An aim of this PR is to allow users to write input statements inside functions that are part of output expressions. For example: SELECT max($Person.id, 10) AS &Person.id FROM .... Output expressions are currently parsed into an outputPart. This includes the list of columns captured in the output expression. The columns must now contain a representation of the function, including any inputParts it contains.

At the time of writing, this PR saves functions as a ParsedExpr which is stored within the outputPart. When the SQL is generated the ParsedExpr must be recursed over by Prepare to generate the SQL for the function (including any inputParts within it). This requied some changes to the way preparing worked such as building up the SQL at the same time as it is prepared rather than doing it afterwards.

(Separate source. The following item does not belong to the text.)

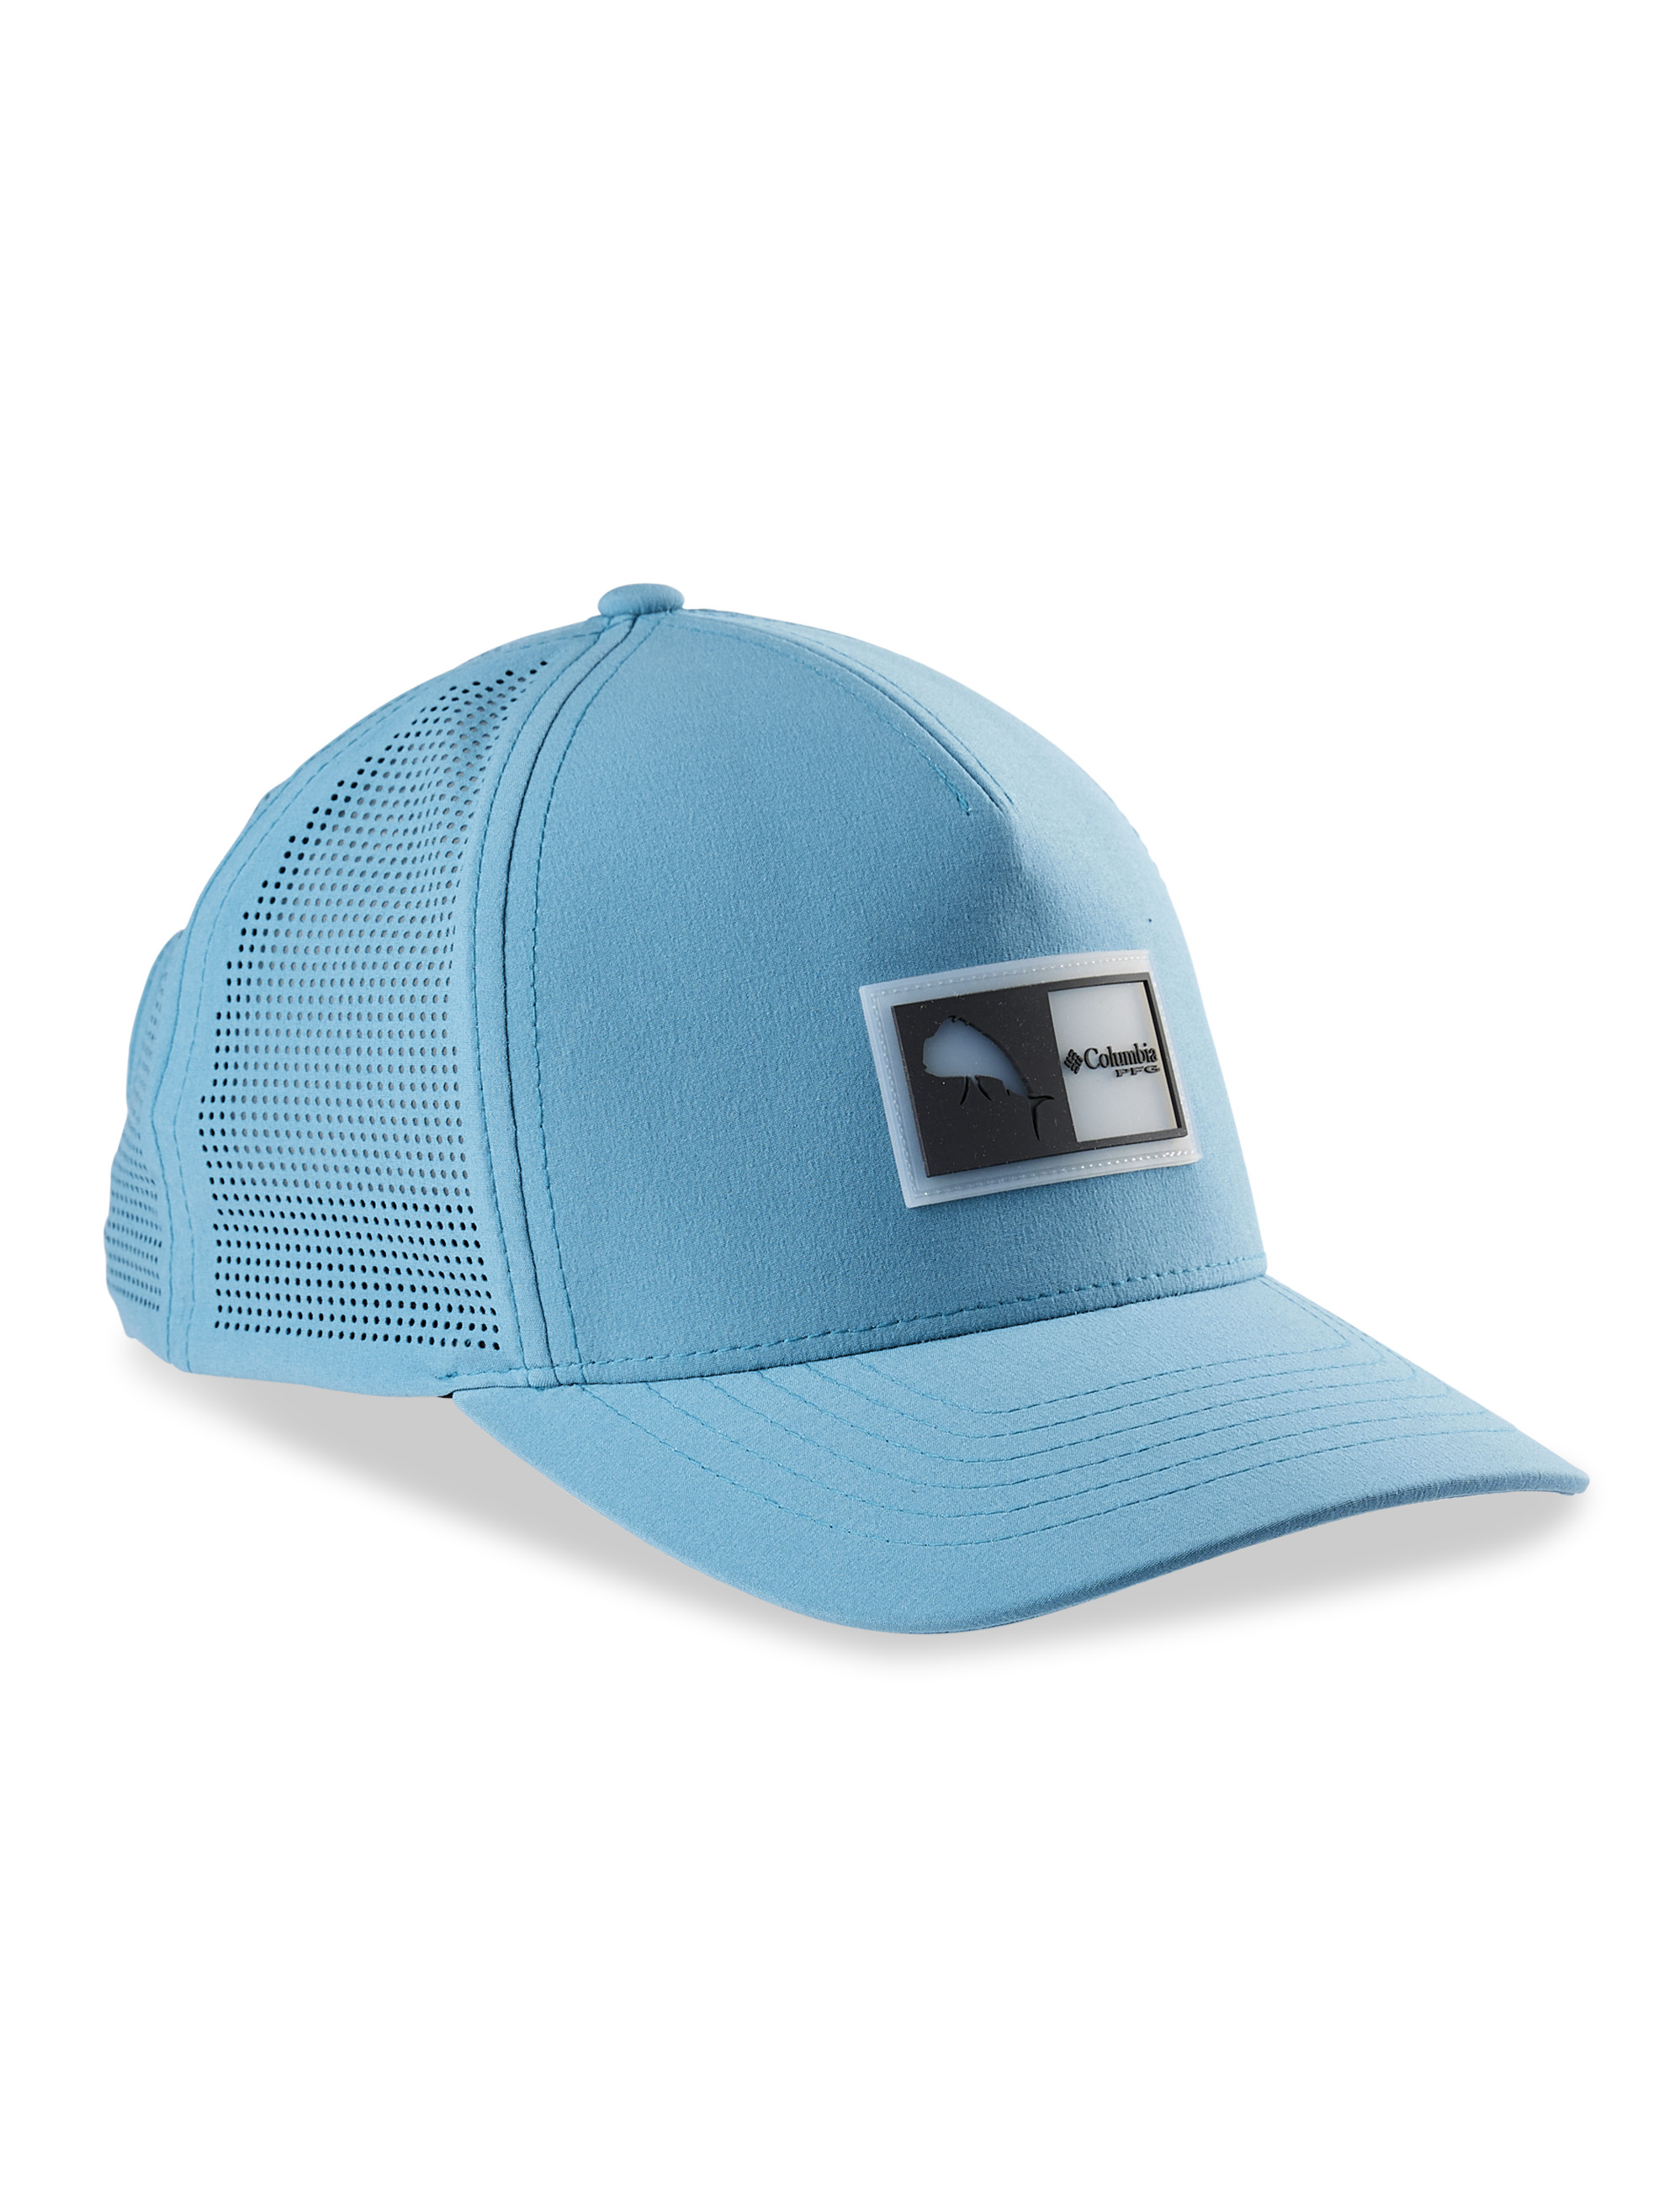 Columbia Men's Big & Tall PFG Elite Snapback Cap - Blue - Hats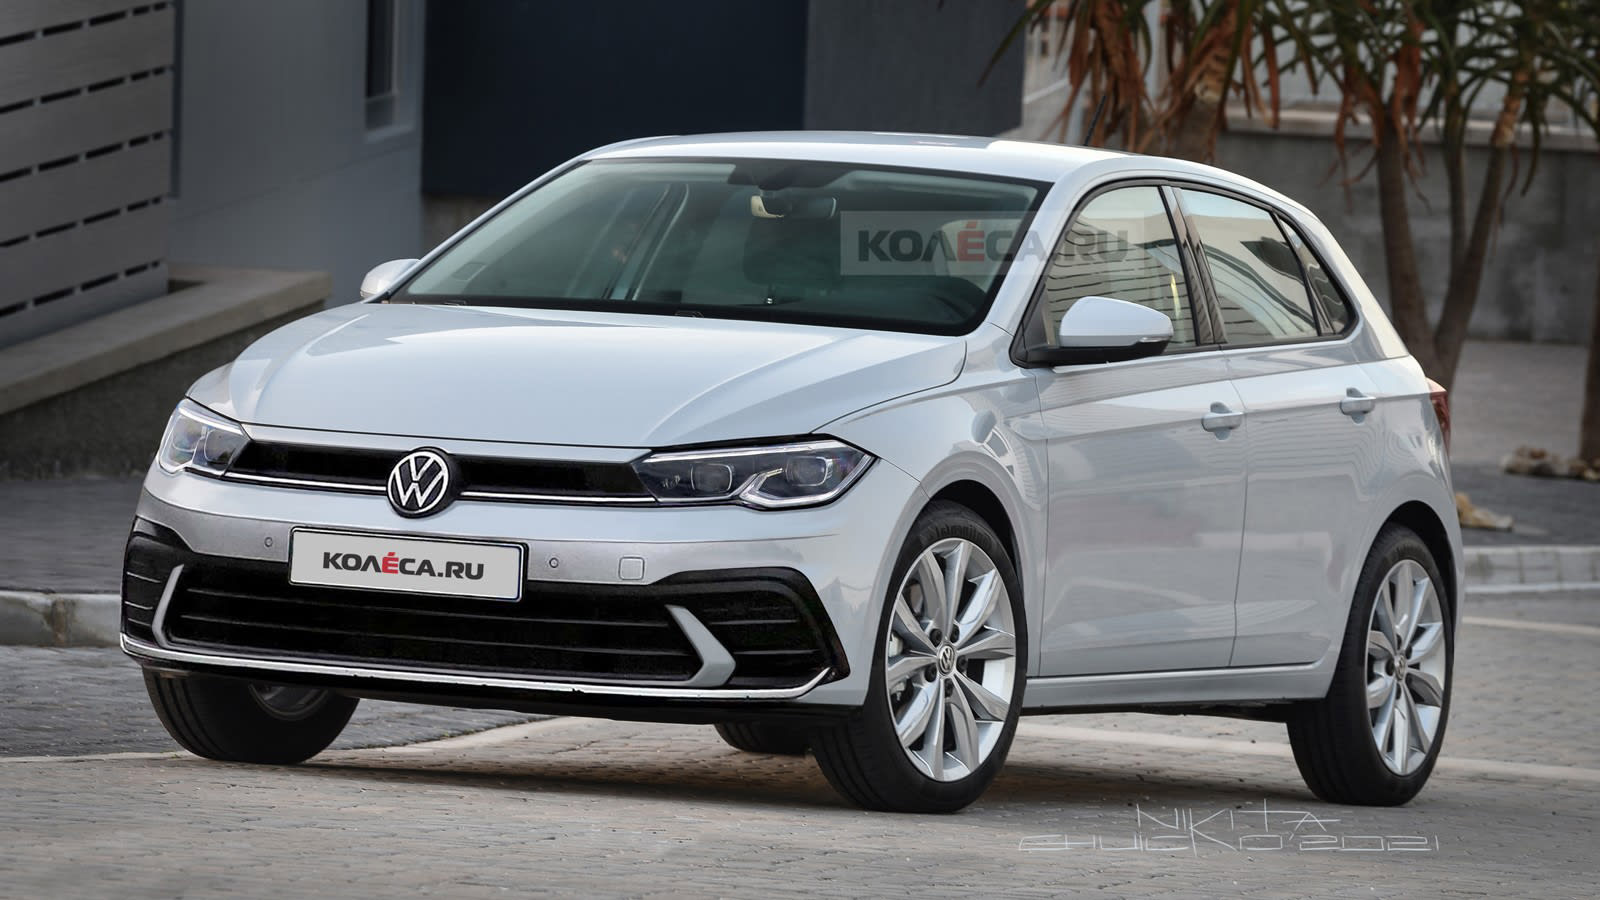 Vriendelijkheid Bij omverwerping 2022 Volkswagen Polo and T-Roc facelifts: Australian launches due in 2022,  including T-Roc R – UPDATE - Drive

An alternative method of parsing the functions would be to not save them in the output expression. For example: `Bypass[SELECT max(] Input[Person.id] Bypass[, 10)] Output[Person.id]. The limitation with this approach is that it is not easily possible to parse functions in the current syntax. For example:

   SELECT (col1, max($Person.id, 10), col3) AS (&Person.id1, &Person.id2, &Person.id3) FROM ...
-> Bypass[SELECT (col1, max(] Input[Person.id] Bypass[, 10), col3)] Output[Person.id1 Person.id2 Person.id3]

Parsing like this makes it a lot harder to generate the SQL. The parser would need to remember the position of each of the columns somewhere to generate the SQL needed:

SELECT col1 AS _sqlair_0, max($Person.id, 10) AS _sqlair_1, col3 AS _sqlair_2 FROM ...

This appraoch is implemented here, but only for functions associated with a single type rather than in a list of columns.